Transcribe only the stretch of lines that opens with the line containing "The Dexter table" and closes with the last line of the listing, skipping pictures.
(Data to process begins)
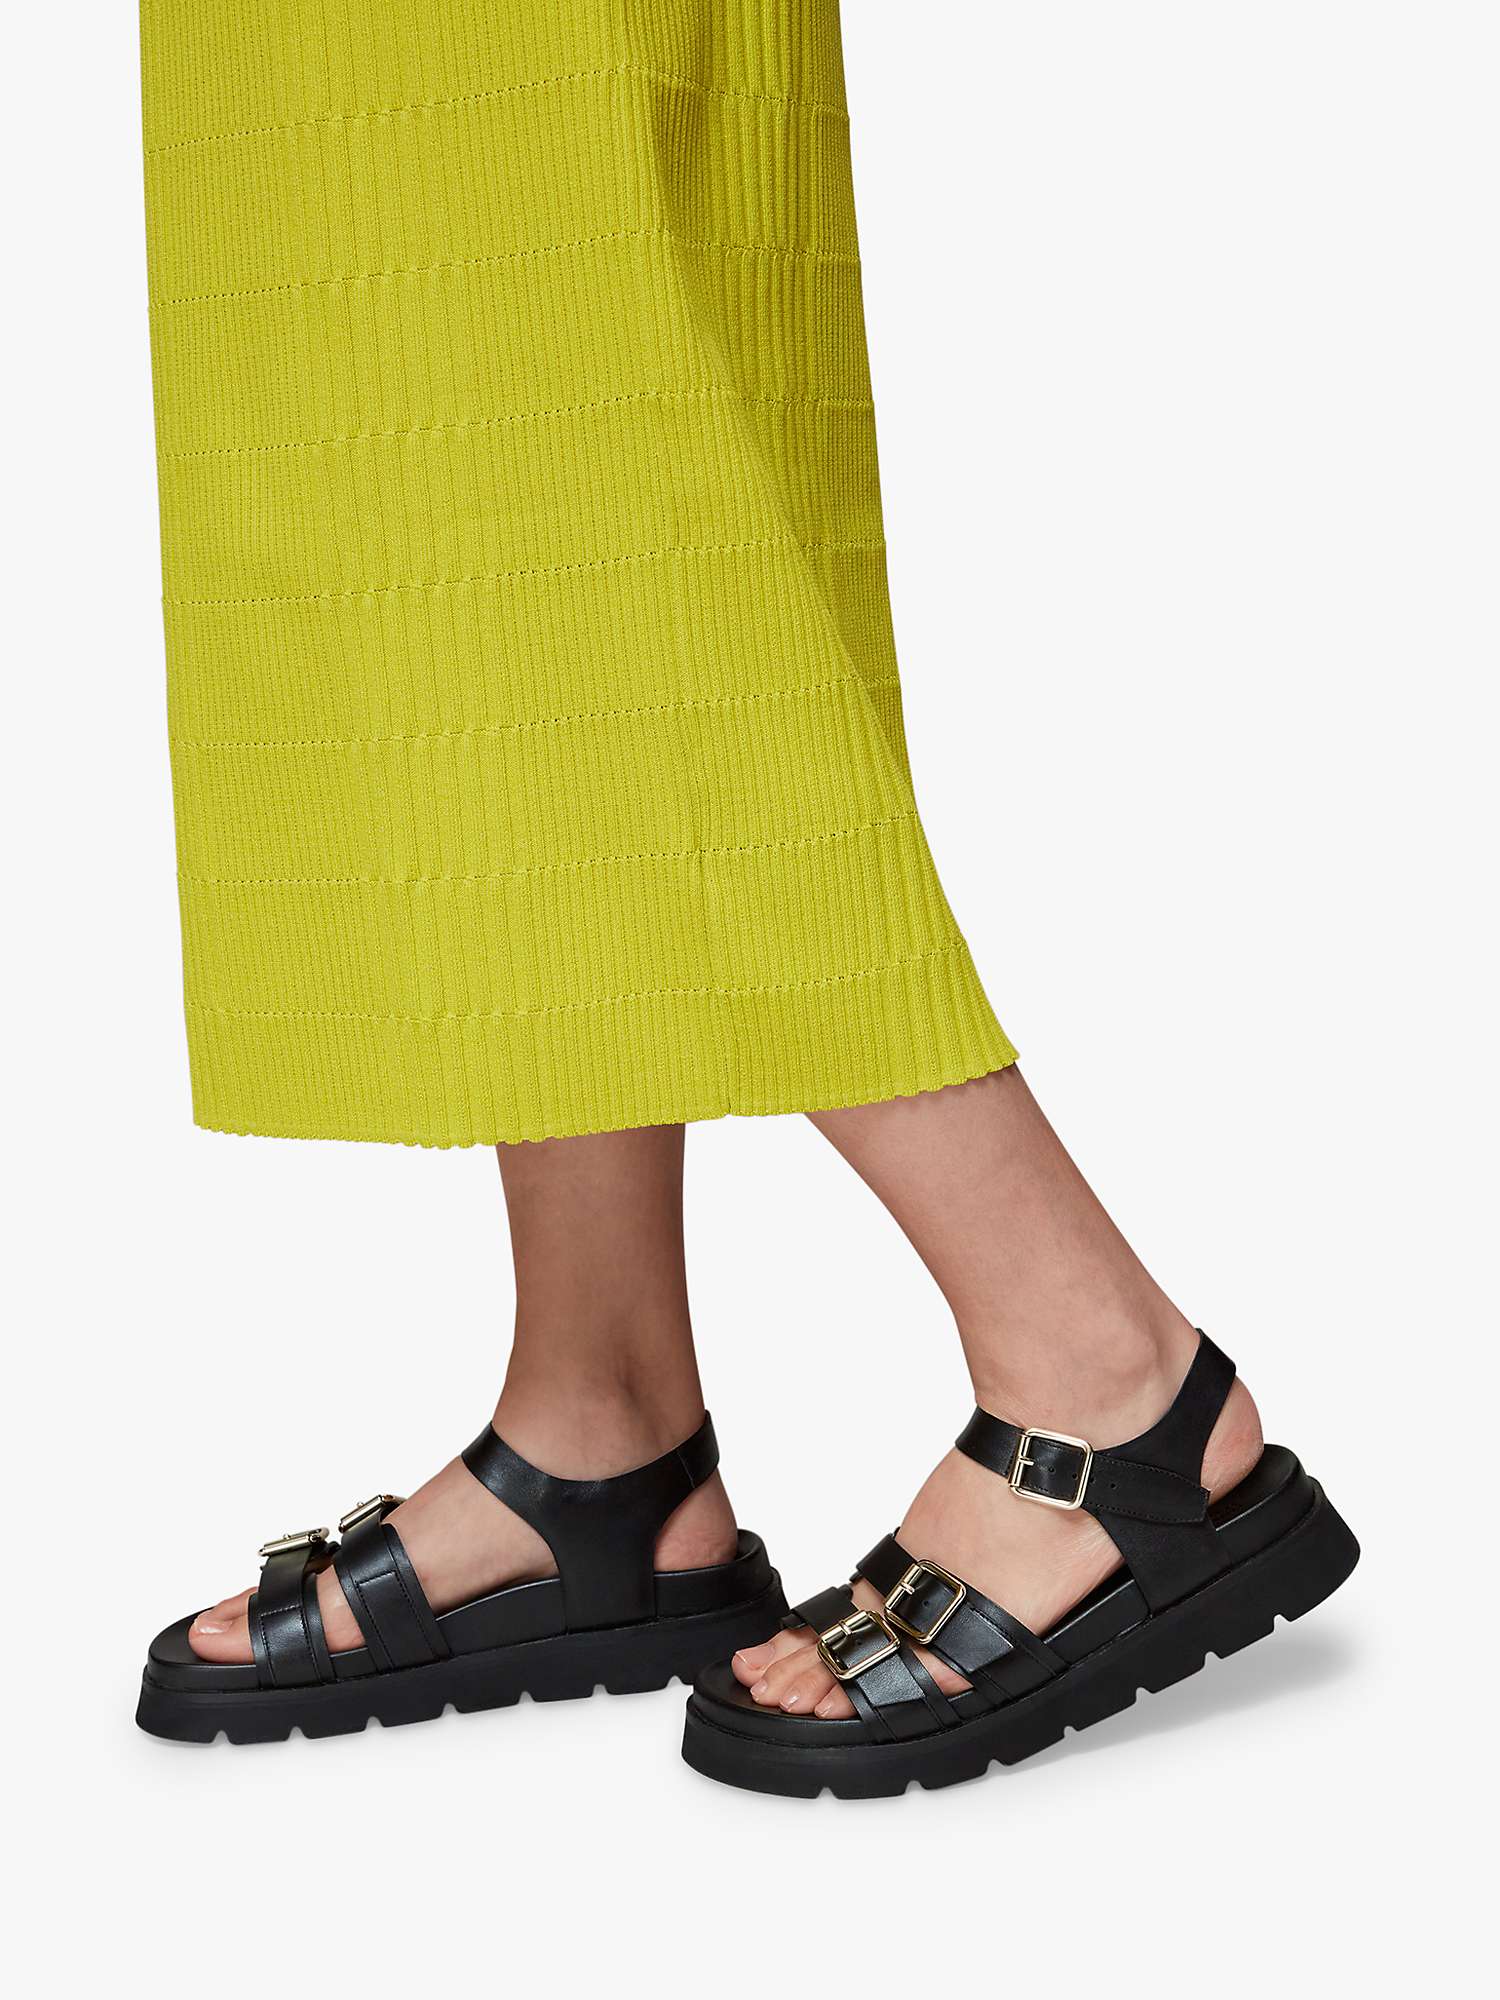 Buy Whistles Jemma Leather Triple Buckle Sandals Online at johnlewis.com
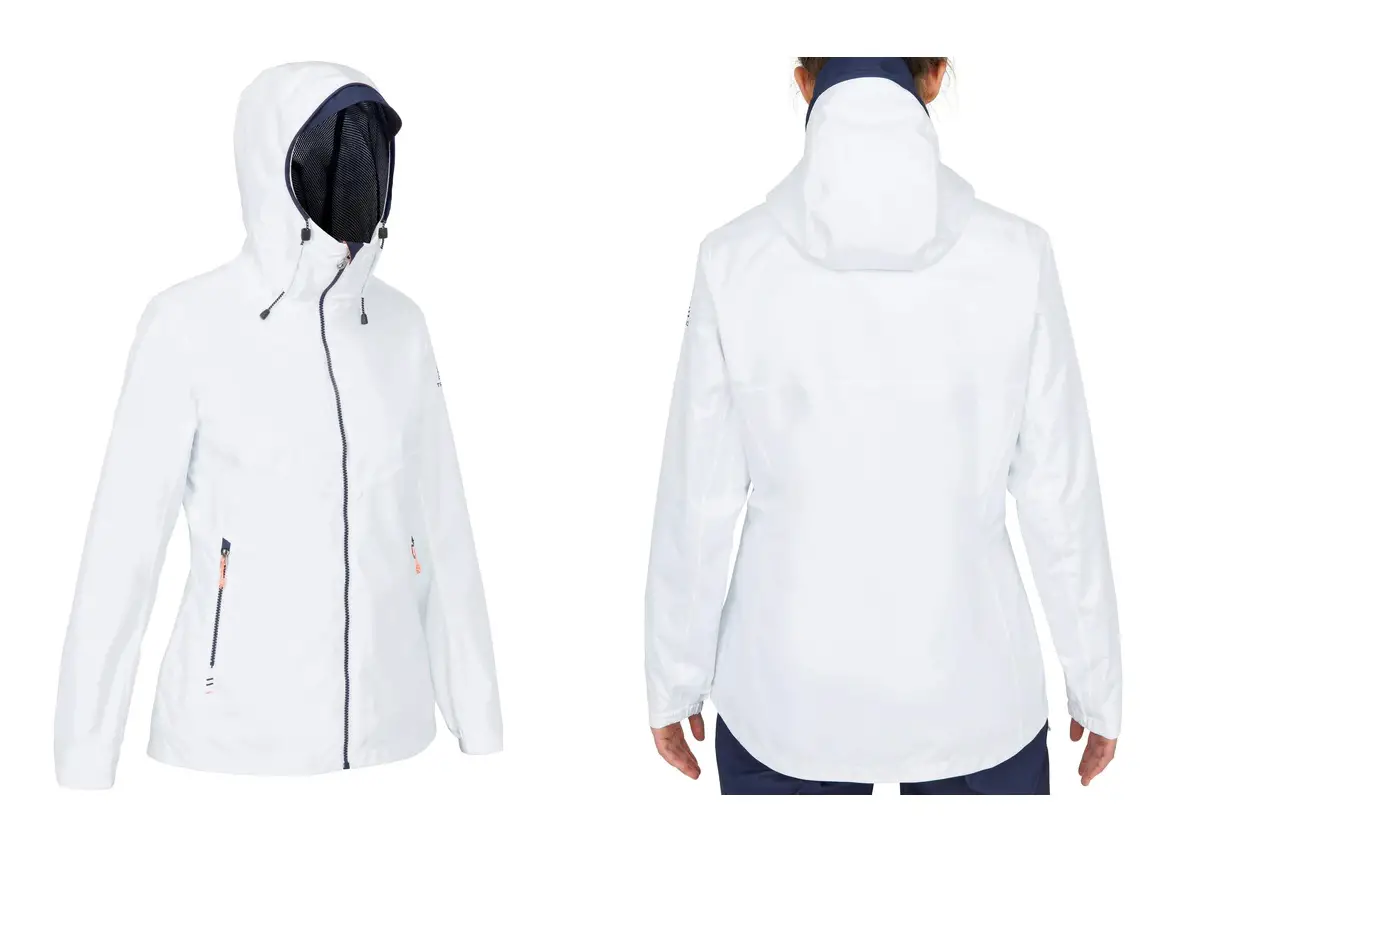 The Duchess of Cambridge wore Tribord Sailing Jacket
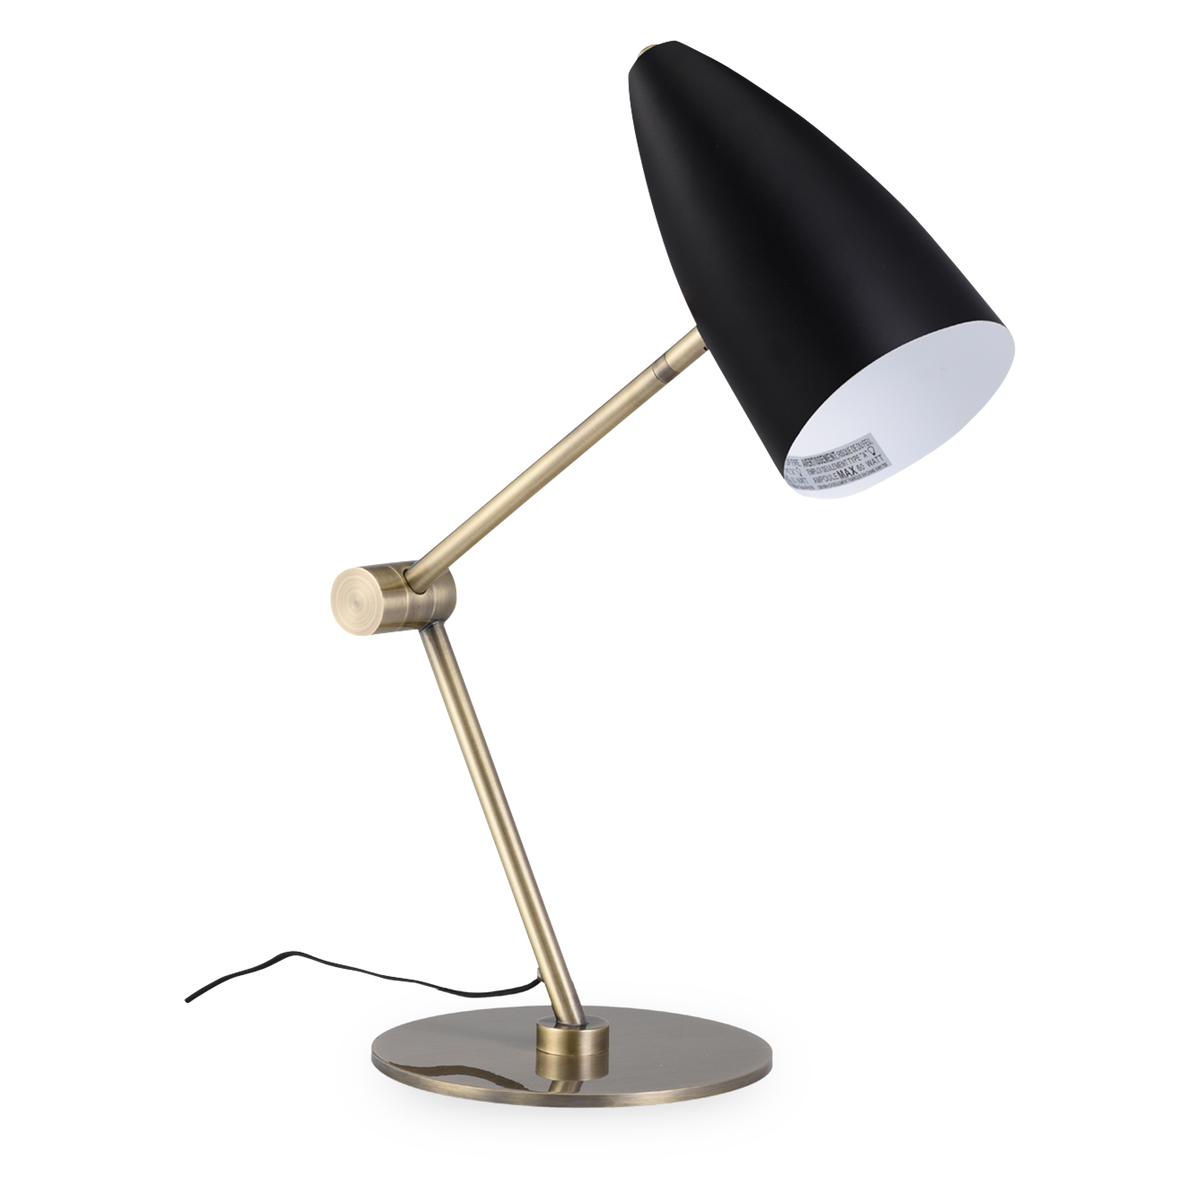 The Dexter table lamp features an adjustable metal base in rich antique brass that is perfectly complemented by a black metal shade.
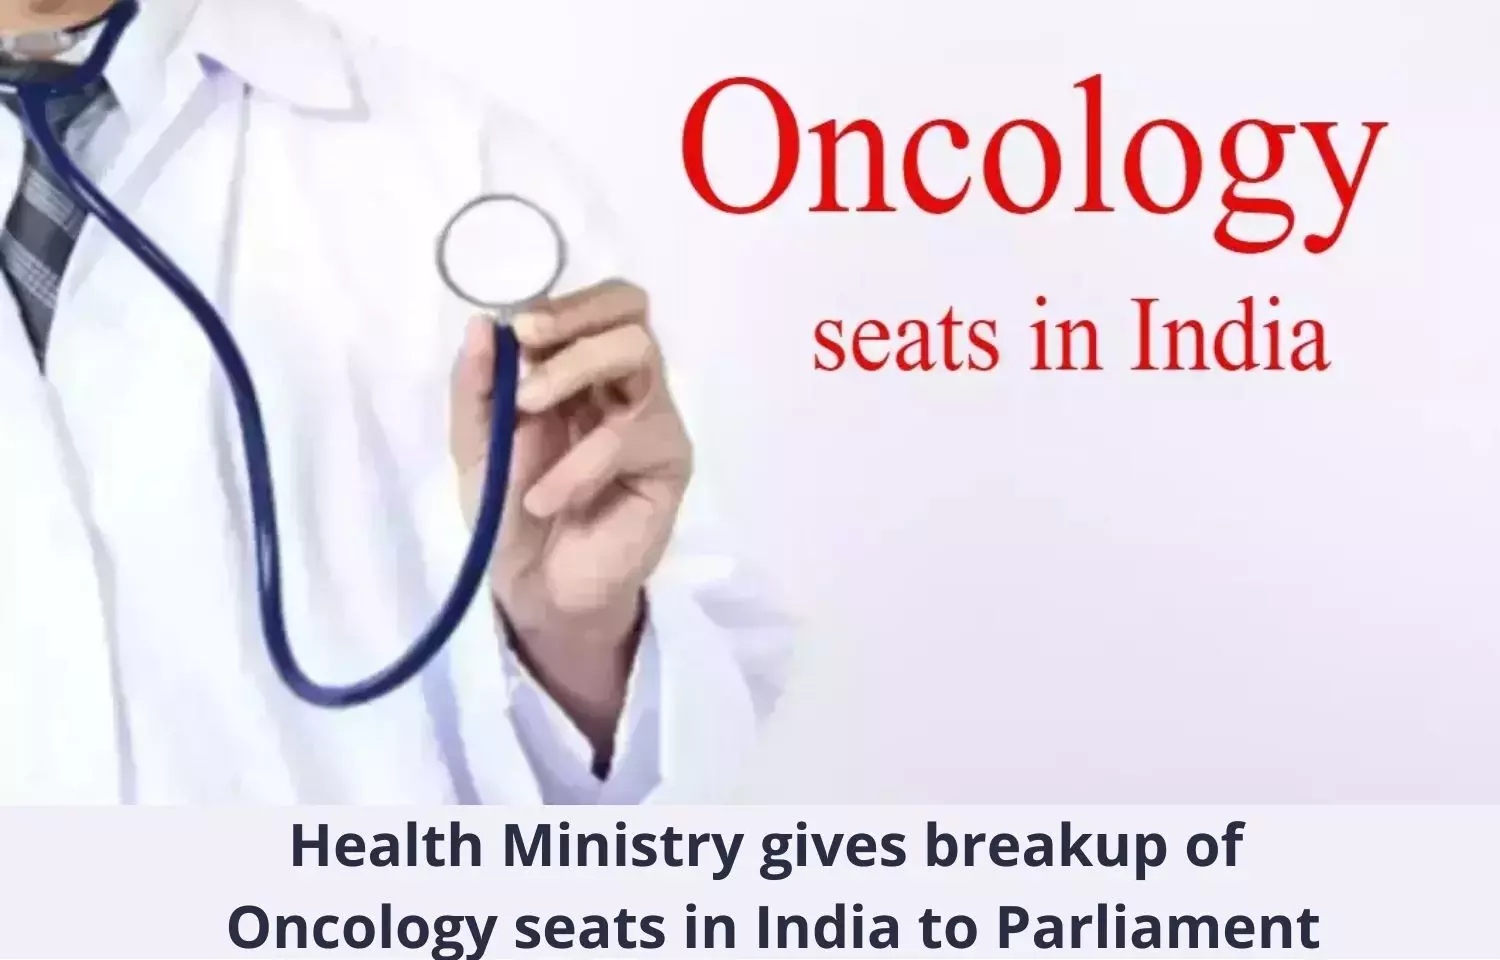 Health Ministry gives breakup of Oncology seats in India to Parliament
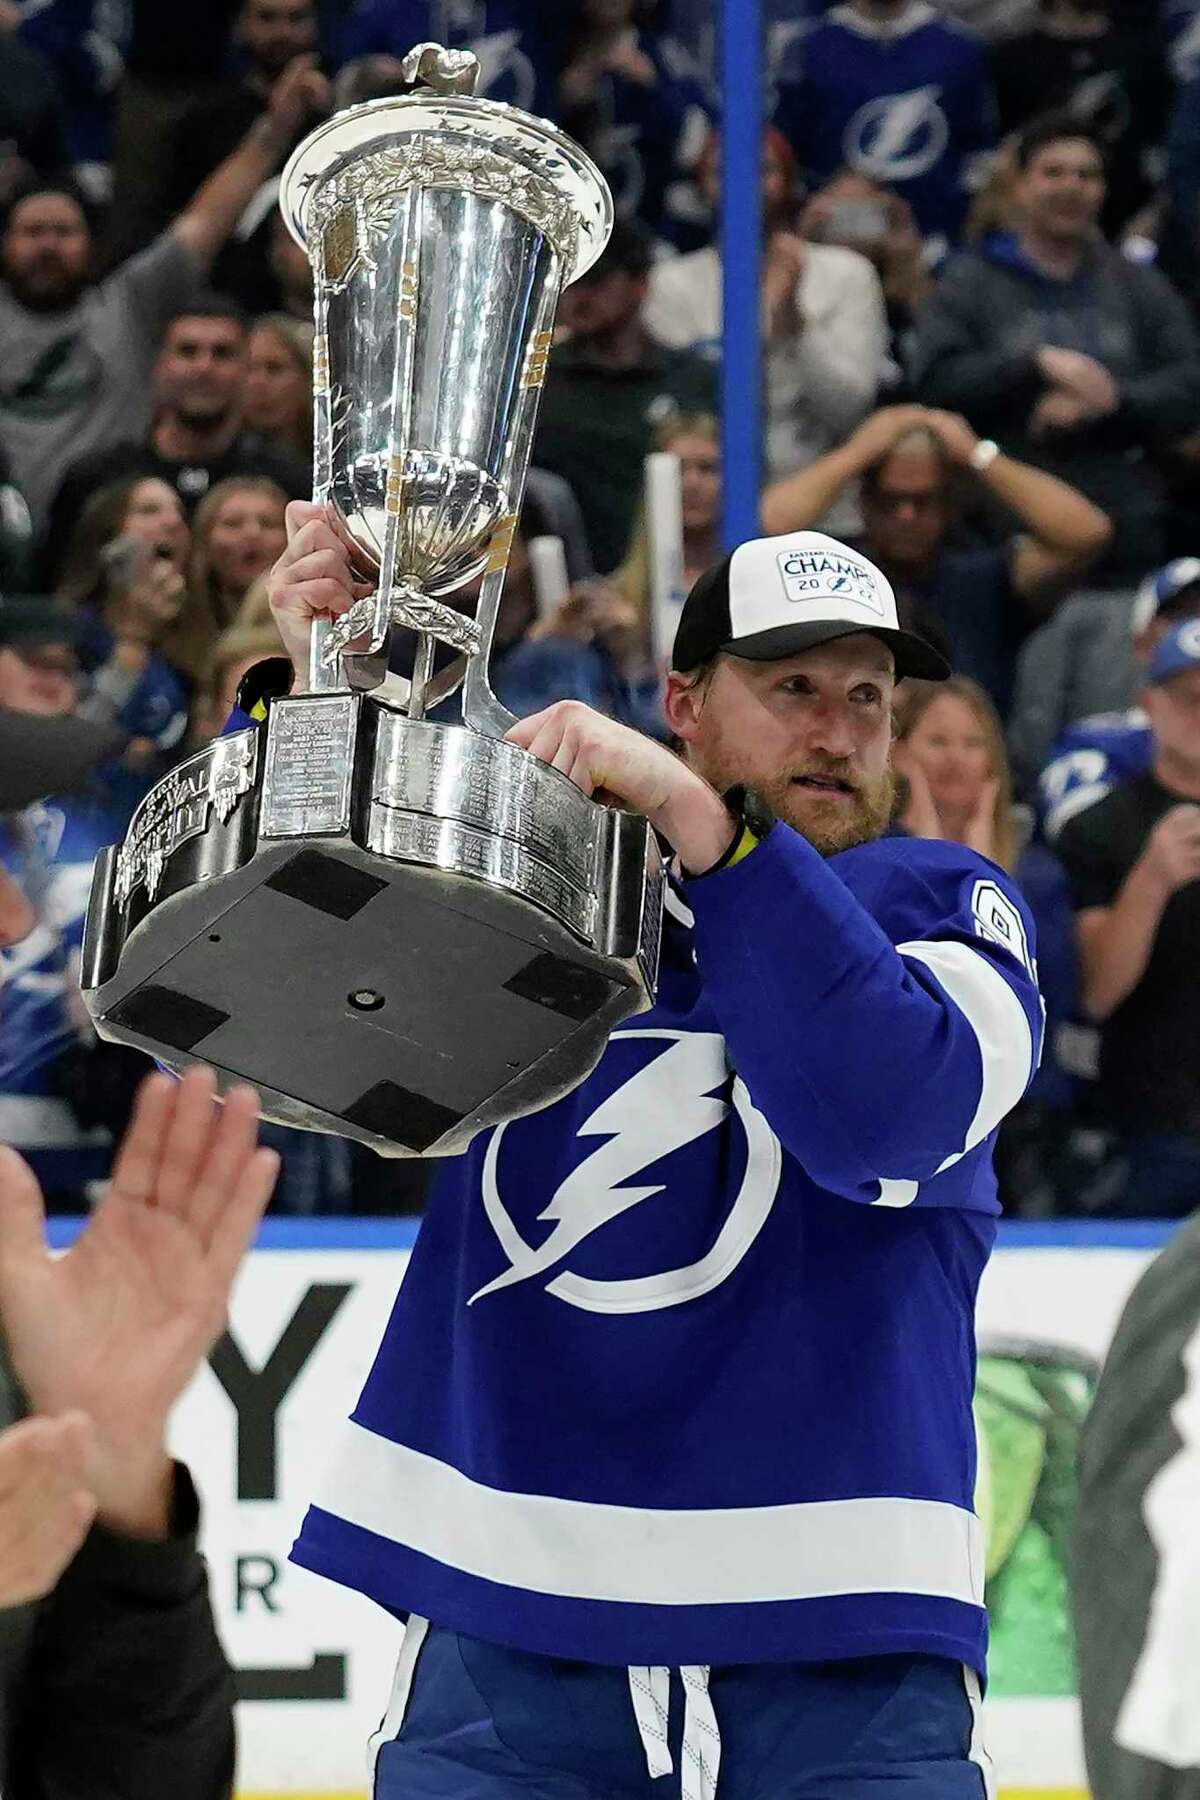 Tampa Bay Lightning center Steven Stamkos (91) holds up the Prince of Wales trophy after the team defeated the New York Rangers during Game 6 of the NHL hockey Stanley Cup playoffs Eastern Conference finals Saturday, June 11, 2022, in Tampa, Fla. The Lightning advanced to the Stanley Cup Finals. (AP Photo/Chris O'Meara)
(Data to process ends)
Written answer →
 The Dexter table lamp features an adjustable metal base in rich antique brass that is perfectly complemented by a black metal shade.
 Health Ministry gives breakup of Oncology seats in India to Parliament
 Tampa Bay Lightning center Steven Stamkos (91) holds up the Prince of Wales trophy after the team defeated the New York Rangers during Game 6 of the NHL hockey Stanley Cup playoffs Eastern Conference finals Saturday, June 11, 2022, in Tampa, Fla. The Lightning advanced to the Stanley Cup Finals. (AP Photo/Chris O'Meara)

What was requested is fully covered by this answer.